Personal information
- Full name: Serghei Mariniuc
- National team: Moldova
- Born: 14 February 1969 (age 57) Chişinău, Moldavian SSR, Soviet Union
- Height: 1.73 m (5 ft 8 in)
- Weight: 64 kg (141 lb)

Sport
- Sport: Swimming
- Strokes: Freestyle, medley
- Club: Moldova Swim Team Santa Clara Swim Club (U.S.)
- Coach: Luba Pohilenco

Medal record
Men's swimming
Representing Moldova
World Championships (SC)
| Silver medal – second place | 1993 Palma | 400 m medley |
Representing Soviet Union
Summer Universiade
| Silver medal – second place | 1987 Zagreb | 400 m medley |

= Serghei Mariniuc =

Moldovan swimmer (born 1969)

Serghei Mariniuc (born February 14, 1969) is a Moldovan former swimmer, who specialized in individual medley events. He represented the Unified Team and the Republic of Moldova in all three editions of the Olympic Games since 1992, and later became a top eight finalist in two individual medleys throughout his Olympic career, emerging him as the nation's most prominent swimmer. He also captured a silver medal in the 400 m individual medley at the 1993 FINA Short Course World Championships in Palma de Mallorca, Spain. When he moved to the United States in 1993, Mariniuc trained professionally for the Santa Clara Swim Club in California until he announced his official retirement in late 2000.

==Career==

===Early years===
Mariniuc, a native of Chişinău, Moldavian SSR, started his sporting career at the age of eight under a strict Soviet swimming system. He shortly became a member of the Moldova Swim Club under his coach Luba Pohilenco, and then officially played for the Soviet Union's senior national team before its complete extinction in 1991.

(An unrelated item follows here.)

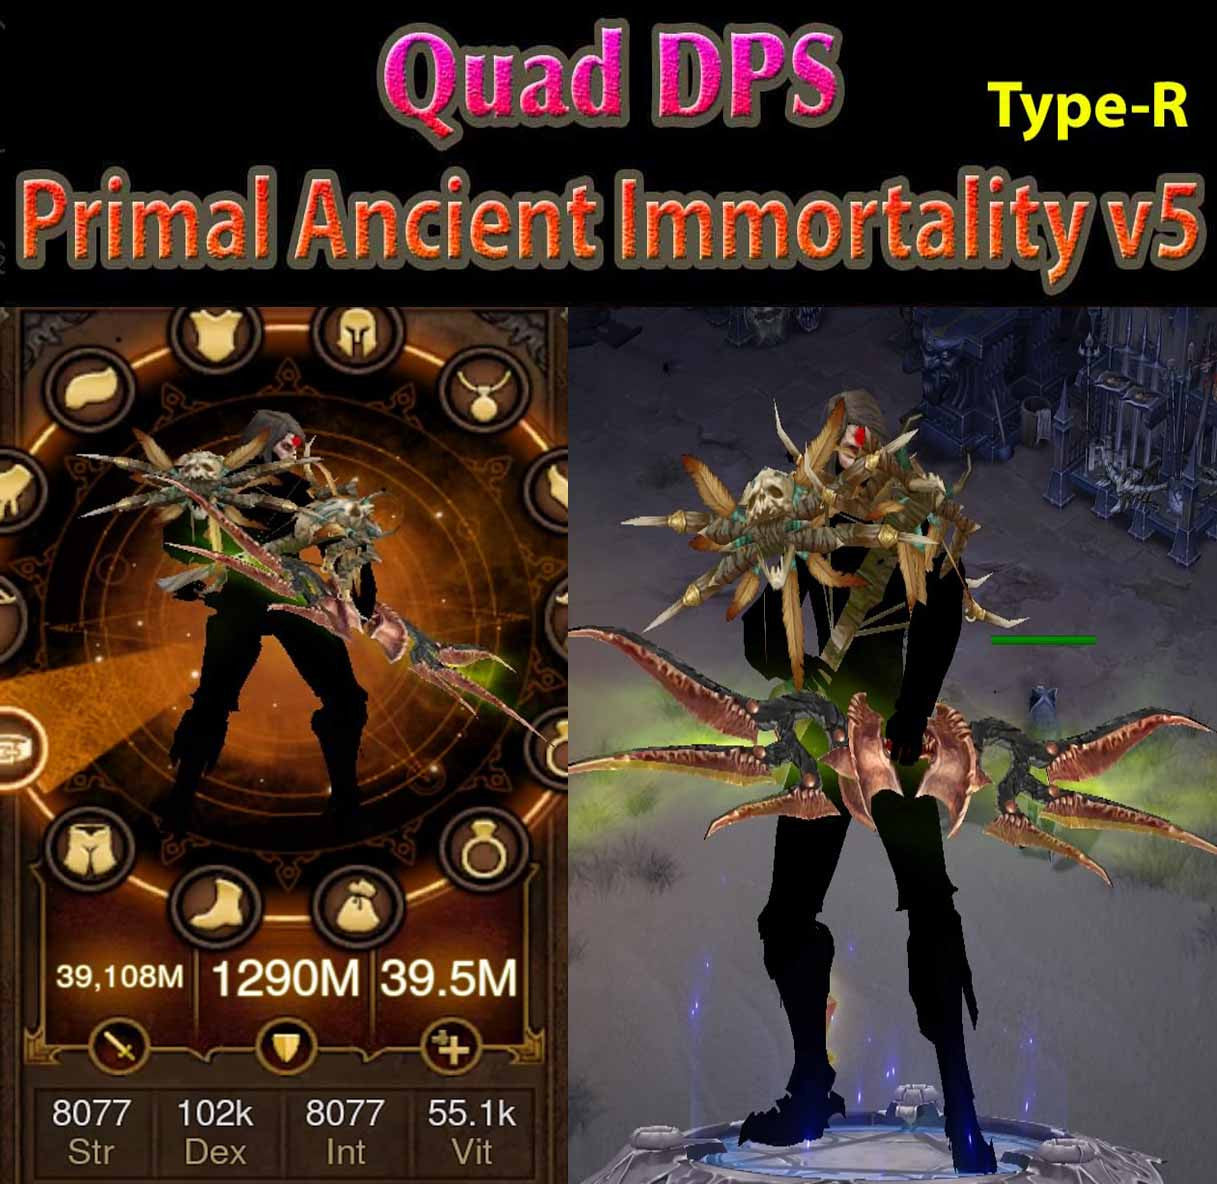 [Primal Ancient] [Quad DPS] Diablo 3 Immortal v5 Type-R Speed Strafe Demon Hunter Striker Diablo 3 Mods ROS Seasonal and Non Seasonal Save Mod - Modded Items and Gear - Hacks - Cheats - Trainers for Playstation 4 - Playstation 5 - Nintendo Switch - Xbox One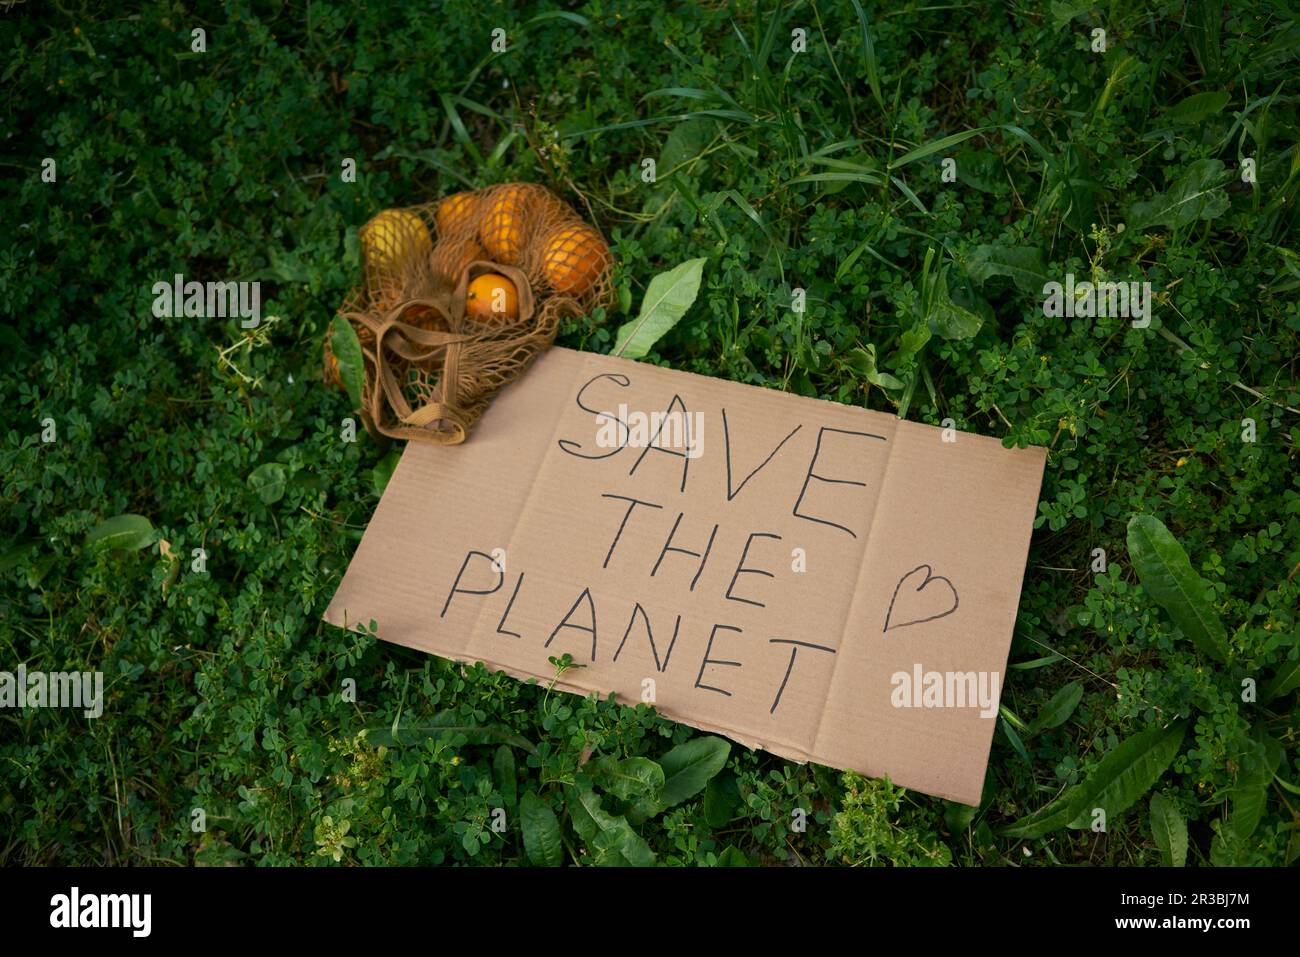 Mesh bag with oranges by Save The Planet text on cardboard cut out Stock Photo

Following the breakup of the Soviet Union, Mariniuc emerged as Moldova's swimming sensation at every level of the competition. He made his official debut for the Unified Team, also known as the Commonwealth of Independent States, at the 1992 Summer Olympics in Barcelona. While he did not win a single medal, Mariniuc successfully made the final, and finished seventh in the 400 m individual medley (4:22.93). He also posted a tenth-place time of 2:03.72 in the 200 m individual medley, trailing Spain's overwhelming favorite Martin López-Zubero, the winner of the B-final, by 0.38 seconds.

Returning home from the Games, Mariniuc viewed his nation as "forsaken" and "hopeless", discovering that some of the swimming pools did not have a water; others were filled with chemicals or locked. Giving up his sport to support the nation's financial scarcity, Mariniuc worked as a part-time taxi driver riding around Chişinău's urban suburbs to earn sufficient rubles, Moldova's main currency, for a living.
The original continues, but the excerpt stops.